Saturday, August 30, 2014

Domestic Terrorism – Words Matter



Sometimes the government is not as stupid as it seems.  It just seems to be as stupid as it seems.   A number of (mostly conservative – example http://www.washingtontimes.com/news/2014/aug/29/fbi-homeland-terror-assessment-omits-islamist-thre/ ) media sources have objected to the just released National Threat Assessment for Domestic Extremism because it does not list Muslim radicals as a threat. They are wrong. The omission is not as grave as it seems.
Domestic Terrorism is an act of terrorism conducted by a domestic resident over a domestic issue.  White separatists, Black Power advocates, animal rights extremists, some work place attackers -- all are domestic actors upset about purely domestic issues. This was the subject of the disputed report.
            International Terrorism is an act of terrorism by an international actor over an international issue. The 9/11 attackers were foreign nationals unhappy about US actions overseas.
            Homegrown Terrorism is an act of terrorism by a domestic resident over an international issue. The Boston Bombing was an act of Homegrown Terrorism. 
            So the FBI report is correct -- I do not know of any Muslim radicals or Muslim groups who are threatening to mount terrorist attacks in the US over purely domestic issues.

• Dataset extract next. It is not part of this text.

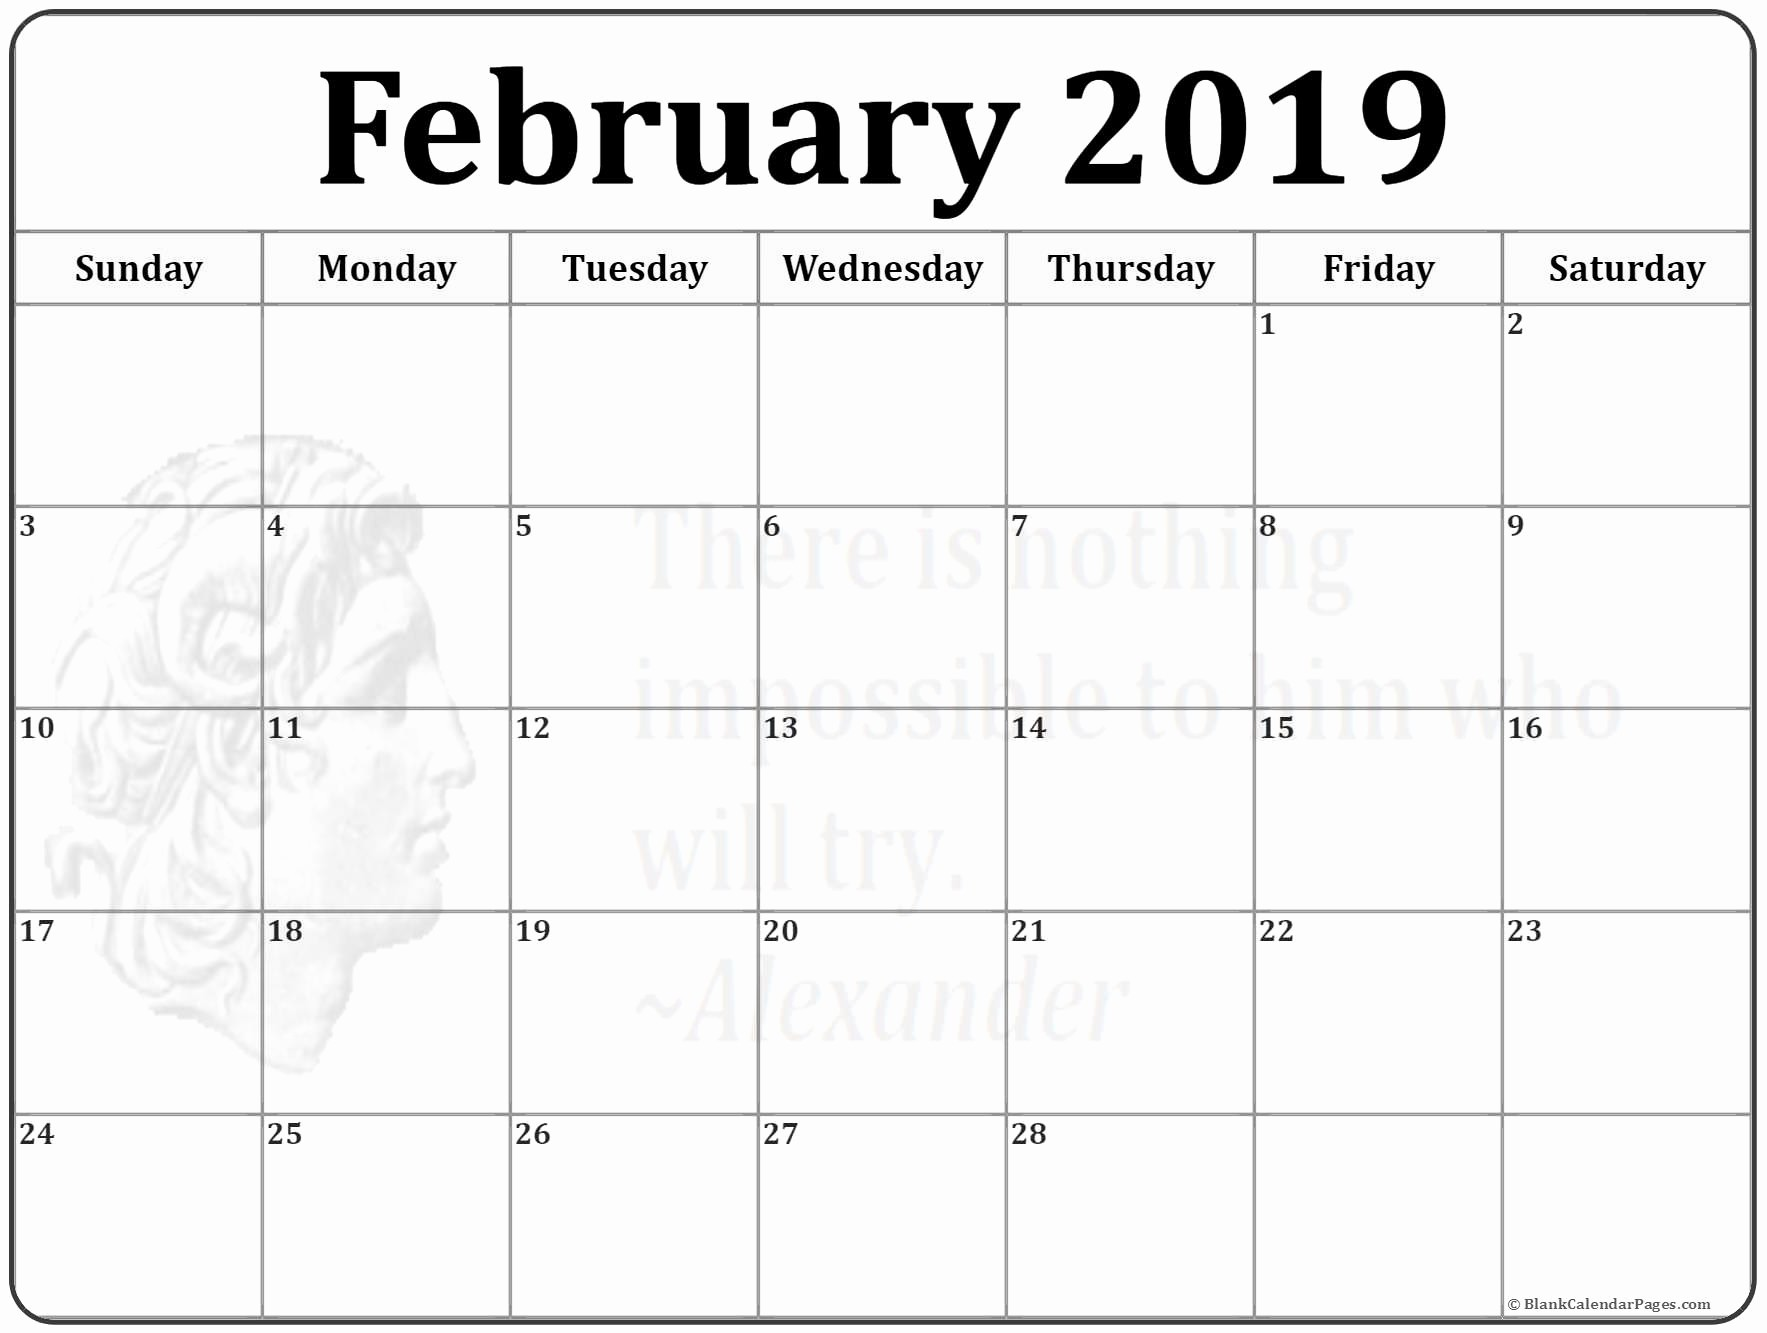 Free Printable Weekly Calendar 2019 Luxury February 2019 Calendar
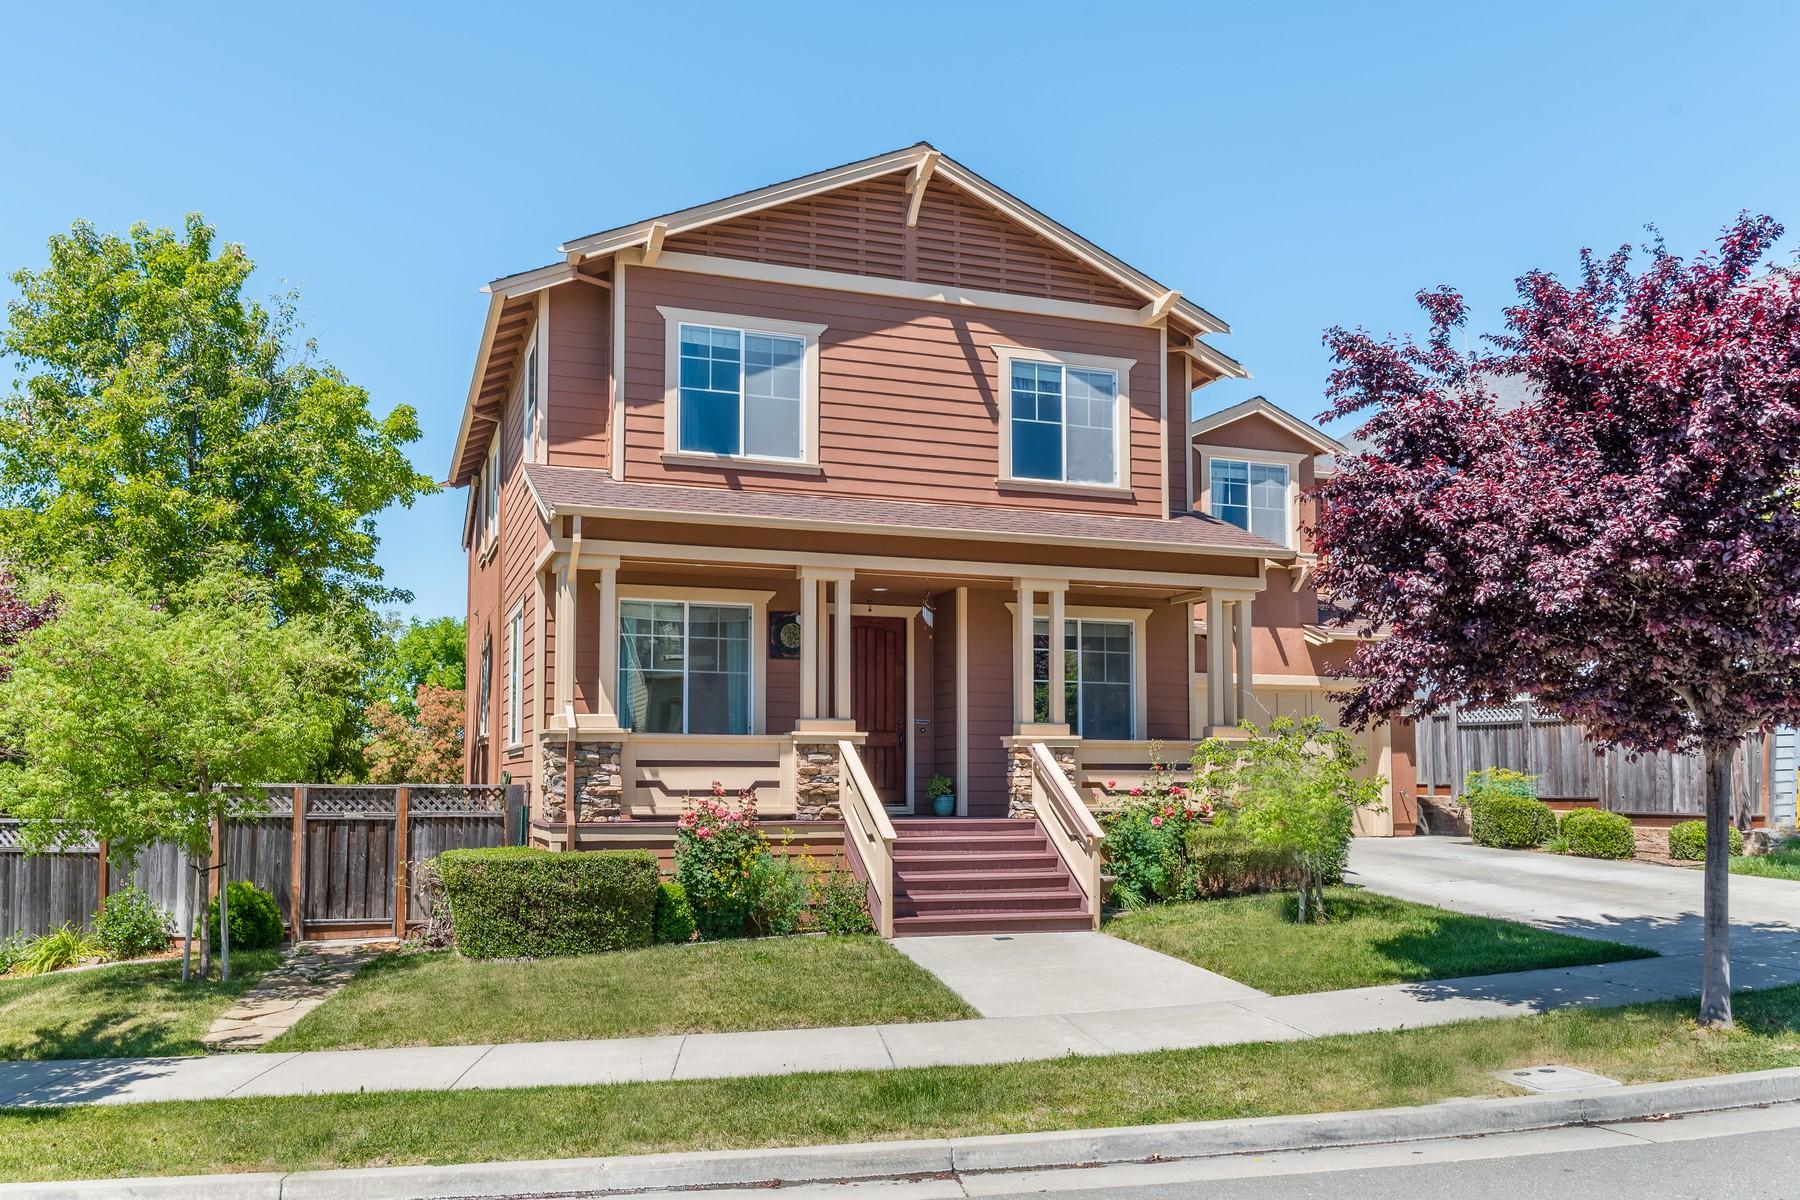 Single Family Home for Sale at 1344 Gordon Lane Santa Rosa, California, 95404 United States

            Is there a reason to make such distinctions?  Yes.  If the motivations and capabilities are different, then the analysis and counter actions must be different. The Cosa Nostra’s deliberate murder of a judge, and an individual’s impulsive of murder a spouse are both murders, but should be approached quite differently.  The same is true of terrorism.
            Are the definitions really as clear as I have suggested?  No.  The Department of State  and Department of Justice are still using different definitions of terrorism in their programs, so it is no surprise that there is confusion even among experts.
            And by the way -- this distinction is going to get sticky in the near future.  What should we call the crime in England where a radical Muslim murdered a member of the British Army band in the street?  The attacker was a domestic resident. But was he motivated by unhappiness about Britain's involvement overseas, or the role of Muslims in British society at home?  That's not clear, maybe even to him. So was he a homegrown terrorist or domestic terrorist? 
            Here is one final question. It should have been clear to anyone who works these issues that the American press and the American people would be confused by the new report. Why not explain this distinction up front?
Great question.  I have no answer.  But this seems to be in the tradition of saying and doing things destined to alarm the public, then refusing to explain the action.  Like buying billions of rounds of hollow point ammunition, then claiming it is to protect post offices. Seems pretty stupid.  Maybe it's not. But it sure seems that way.